Computer algebra systems use exact rational arithmetic with rational numbers $p/q$, where $p$ and $q$ are multi-length integers. During the calculations common divisors are removed from the rational numbers, and the final results can be converted to decimal representations of arbitrary length. For further information see Matula and Kornerup (1980).

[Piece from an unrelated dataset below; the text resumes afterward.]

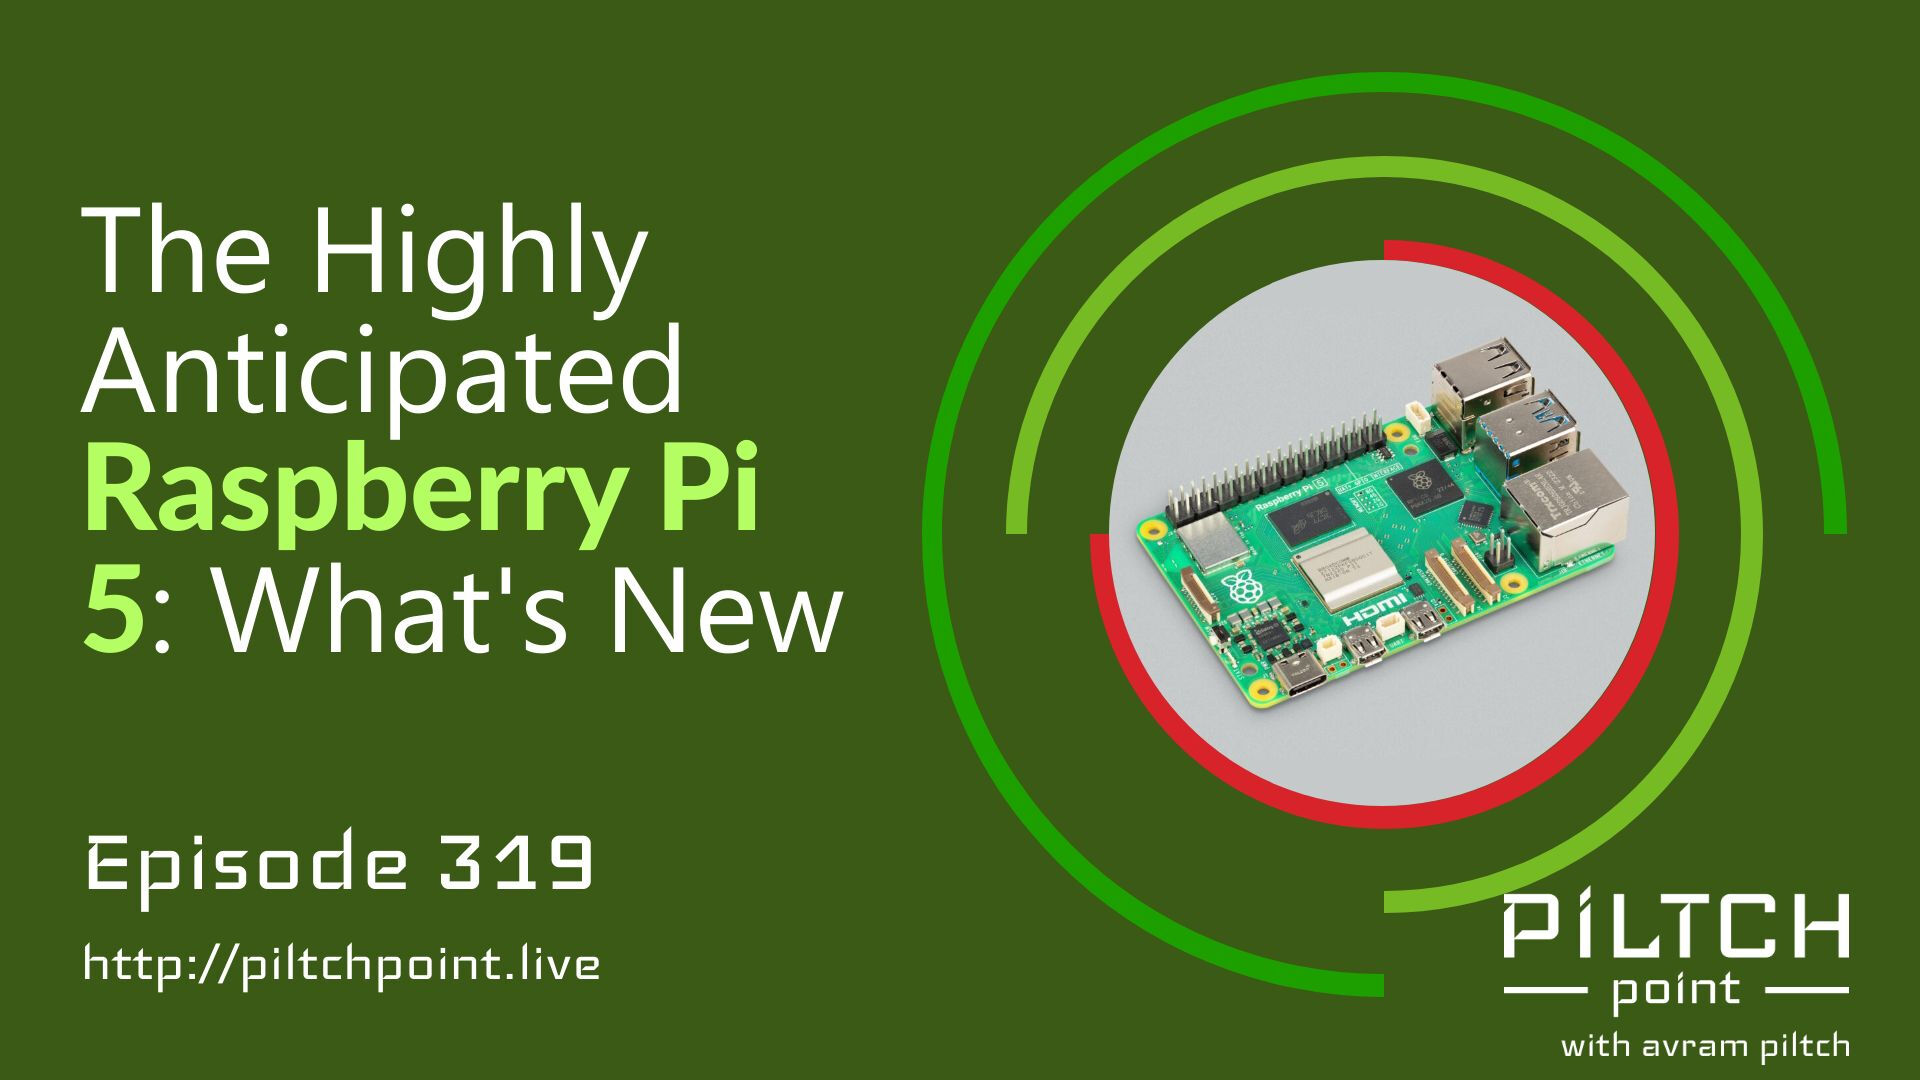 We have the New Raspberry Pi5 - Software Cornwall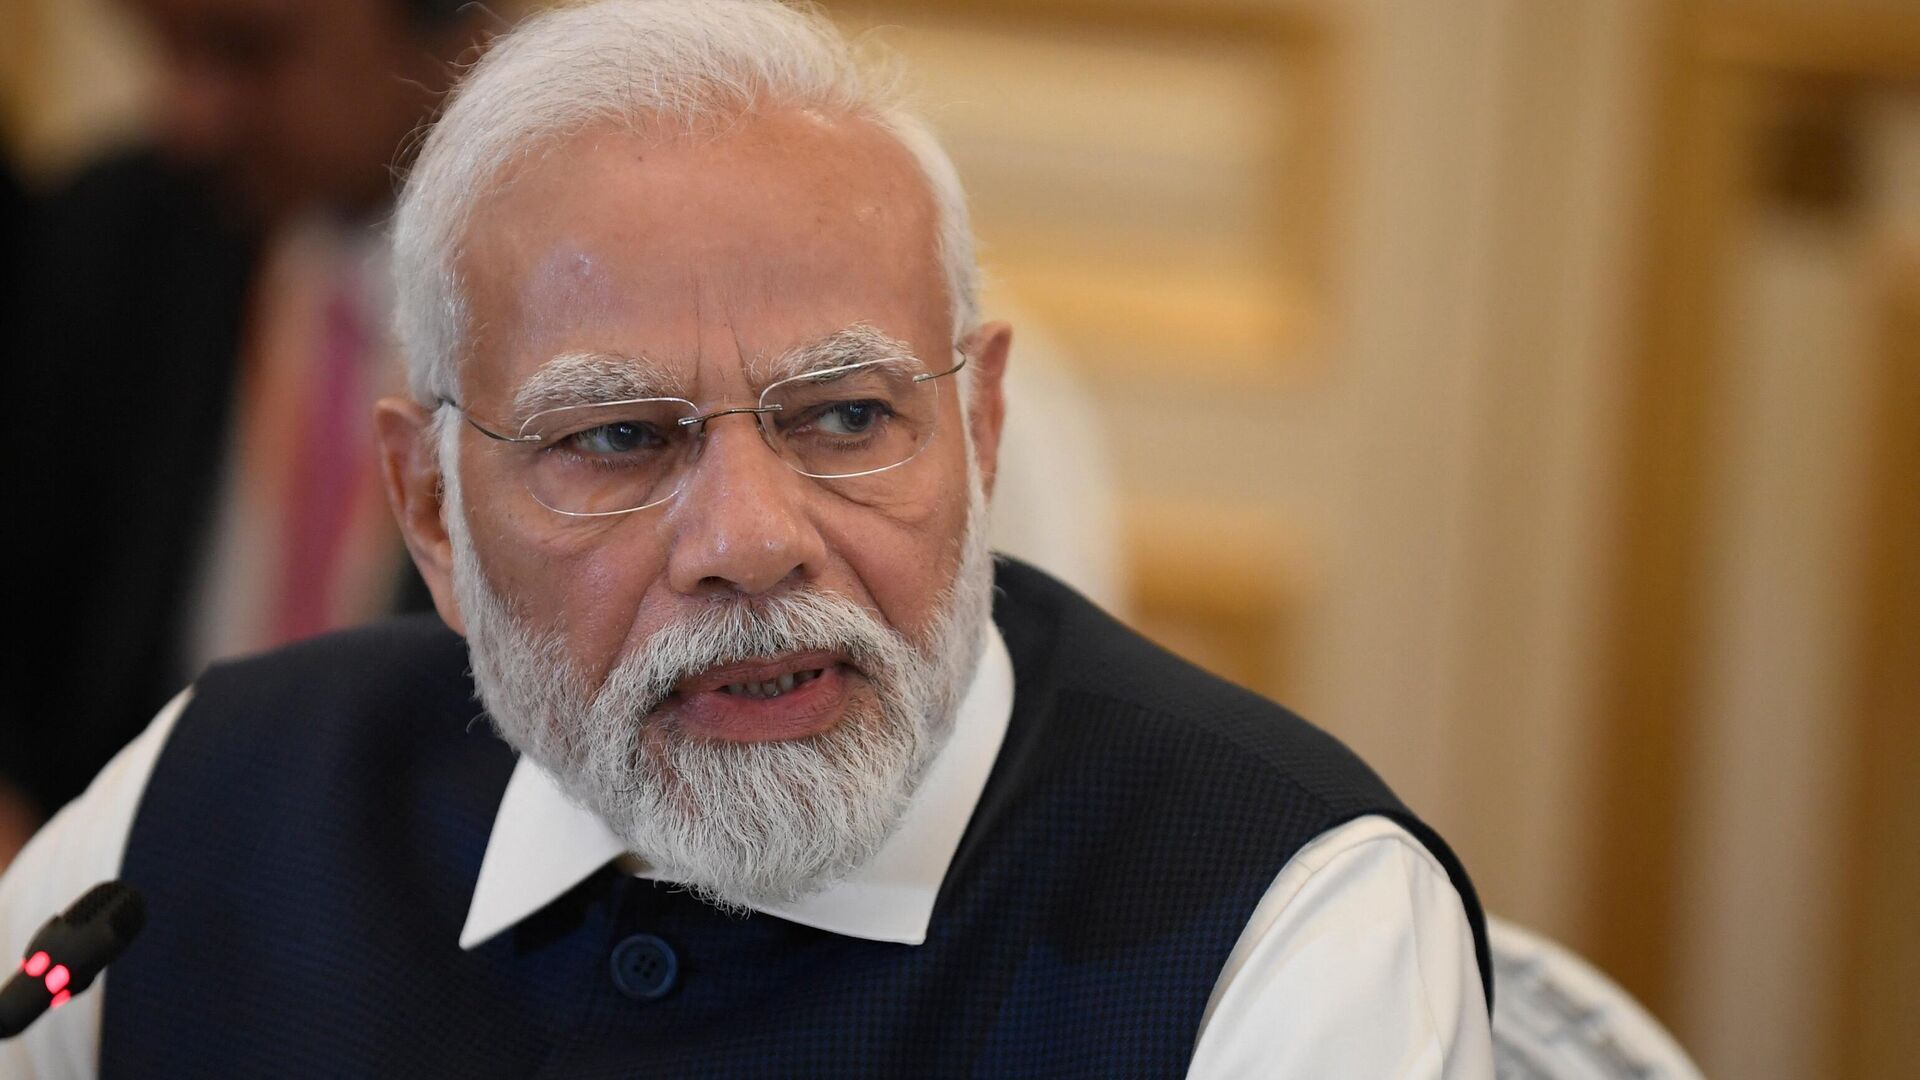 Modi government harassing journalists and dissenters: U.S.

To eliminate overflow or underflow in finite-precision arithmetic numbers are represented by using generalized logarithms ${\mathrm{ln}}_{\mathrm{\ell}}(x)$ given by

3.1.7 | ${\mathrm{ln}}_{0}(x)$ | $=x,$ | ||

${\mathrm{ln}}_{\mathrm{\ell}}(x)$ | $=\mathrm{ln}\left({\mathrm{ln}}_{\mathrm{\ell}-1}(x)\right),$ | |||

$\mathrm{\ell}=1,2,\mathrm{\dots}$, | ||||

with $x\ge 0$ and $\mathrm{\ell}$ the unique nonnegative integer such that $a\equiv {\mathrm{ln}}_{\mathrm{\ell}}(x)\in [0,1)$. In level-index arithmetic $x$ is represented by $\mathrm{\ell}+a$ (or $-(\mathrm{\ell}+a)$ for negative numbers). Also in this arithmetic generalized precision can be defined, which includes absolute error and relative precision (§3.1(v)) as special cases.

If ${x}^{*}$ is an approximation to a real or complex number $x$, then the absolute error is

3.1.8 | $${\u03f5}_{a}=\left|{x}^{*}-x\right|.$$ | ||

If $x\ne 0$, the relative error is

3.1.9 | $${\u03f5}_{r}=\left|\frac{{x}^{*}-x}{x}\right|=\frac{{\u03f5}_{a}}{\left|x\right|}.$$ | ||

The relative precision is

3.1.10 | $${\u03f5}_{\mathit{rp}}=\left|\mathrm{ln}\left({x}^{*}/x\right)\right|,$$ | ||

where $x{x}^{*}>0$ for real variables, and $x{x}^{*}\ne 0$ for complex variables (with the principal value of the logarithm).

The mollified error is

3.1.11 | $${\u03f5}_{m}=\frac{\left|{x}^{*}-x\right|}{\mathrm{max}(\left|x\right|,1)}.$$ | ||

For error measures for complex arithmetic see Olver (1983).